Did I blow it , do OK or what. Yes I can take all criticism, but be gentle.:mrgreen:

Thanks
Rick


----------



## ann (Aug 3, 2008)

well, it is close. never head of D76 being made by anyother company than kodak which is another issue (patent problems)

the use of stop bath is or isn't important depending on one's thought process. frankly it is cheap and it stops the development of the film faster than does just pain water.

rinsing should not be an issue, just fill the tank and dump.

how long in the fixer, how long did you wash the negatives after fixing?

darker negatives  , print them and see what is happening.

darker could mean several things, over exposure, or over developed, or both.

you didn't say what type of film your using, so it is hard to know if the times are too long, etc.


----------



## Rick-in-LB (Aug 3, 2008)

I used Ilford HP5 Plus. I was thinking of getting some fixer today and some &#8220; Named Brand &#8220; chemicals. I could then shoot another roll of film to develop. I had the film in the fixer for 3 minutes, The bottle said 1-3 minutes, I figured more could not be bad. I rinsed for about 5 minutes.
 I scanned the negatives and the pictures came out really light. I was using the meter on the camera and a separate exposure meter, doing a comparison.

Before I forget the temp of the solution was around 76-74 degrees, depending how you held the thermometer.

Thanks 
Rick


----------



## JC1220 (Aug 3, 2008)

can you post the scans of the negatives?


----------



## Rick-in-LB (Aug 3, 2008)

Here is a link for a few pictures. I have to start keeping data on the settings on the camera,I just got used to digital. I hope it works

http://rick-in-lb.smugmug.com/gallery/5607009_kGjA8/1/344164570_tgQvJ

Rick

BTW how critical is time and temp.
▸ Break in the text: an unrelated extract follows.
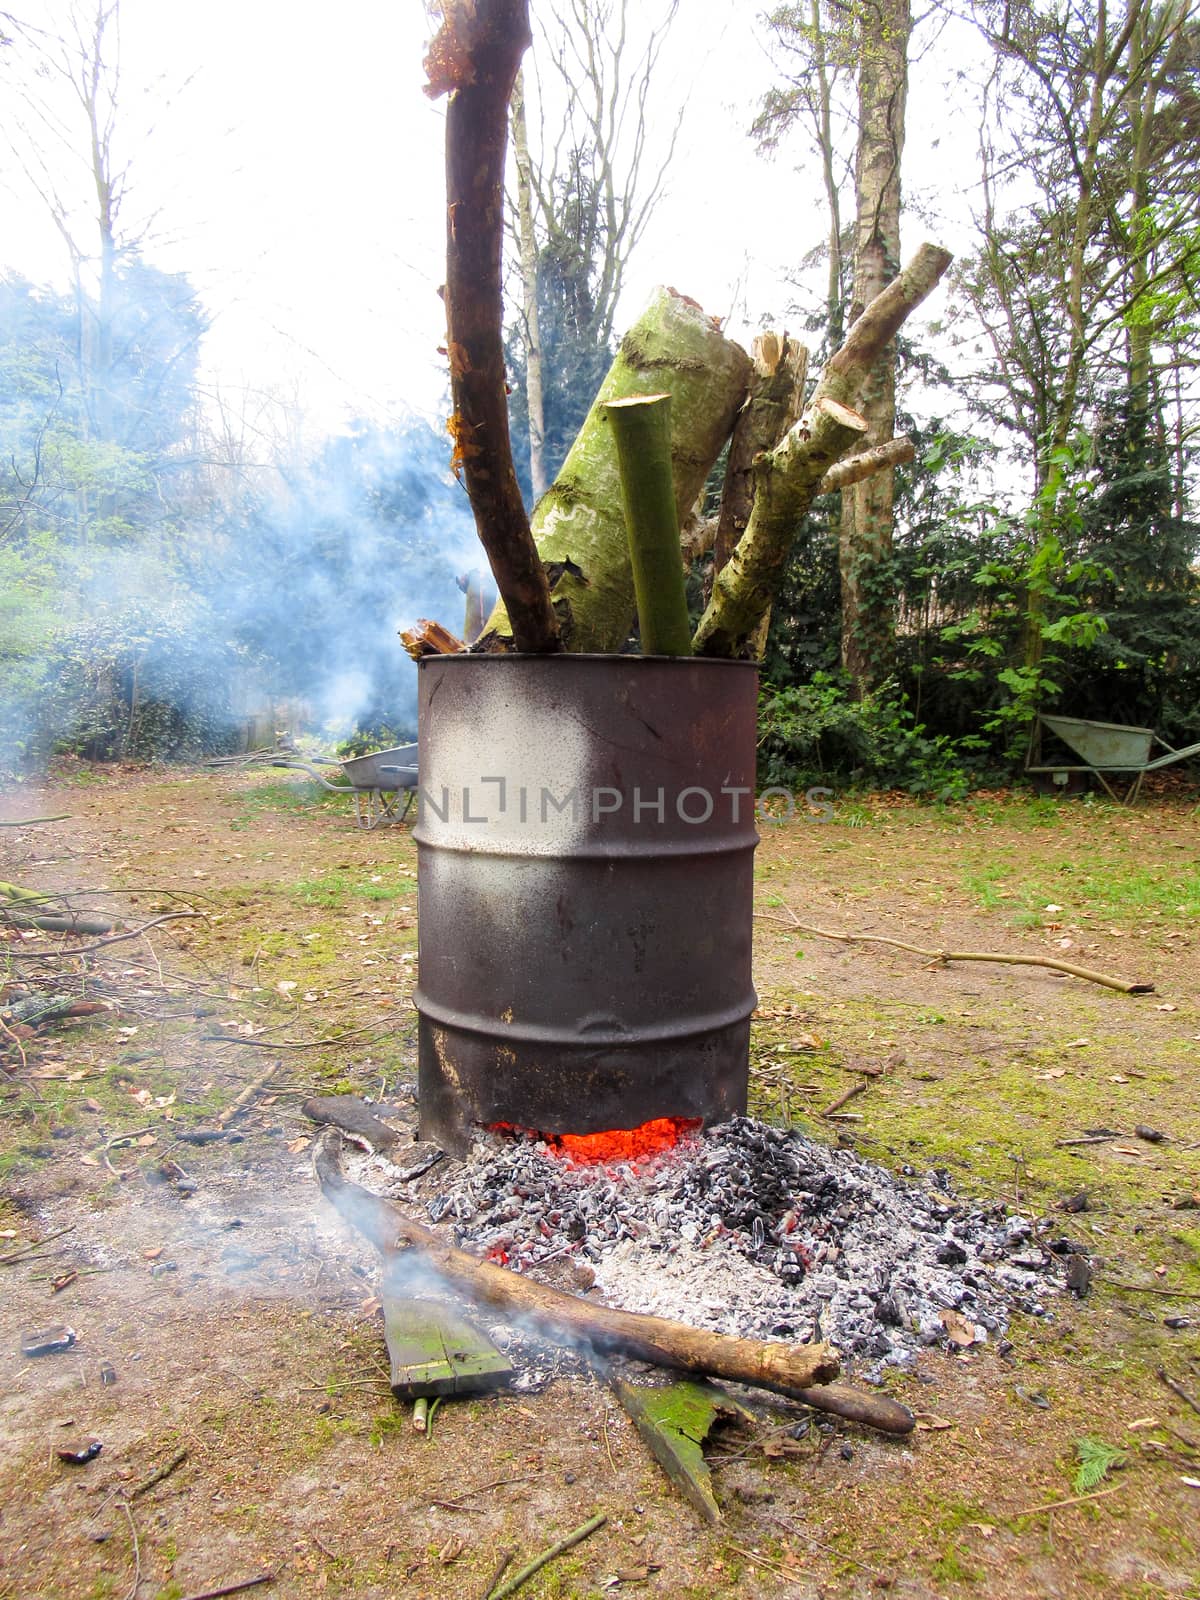 Barrel being used to burn excess wood inside a forrest in a clearing

Do they have to be exact?


----------



## christopher walrath (Aug 3, 2008)

Your water stop bath shouldn't have to be more than a minute or so.  As to the length of time in the fixer, I would open the tank after three minutes and see if the film has cleared (you can expose it to light at this point).  If so then double that time and do not fix longer than that.  To rinse go 5-10-20.  Quicker, easier, more seductive (sorry, gratuitous Star Wars quote).  Fill with water, invert 5 times, dump.  Fill, invert 10x, dump.  Fill, invert 20x, dump.  Saves time and water.

If your negs are dense there was to much exposure/development.  If you're sure of your on-camera process then curb your processing time by 10% and go from there.


----------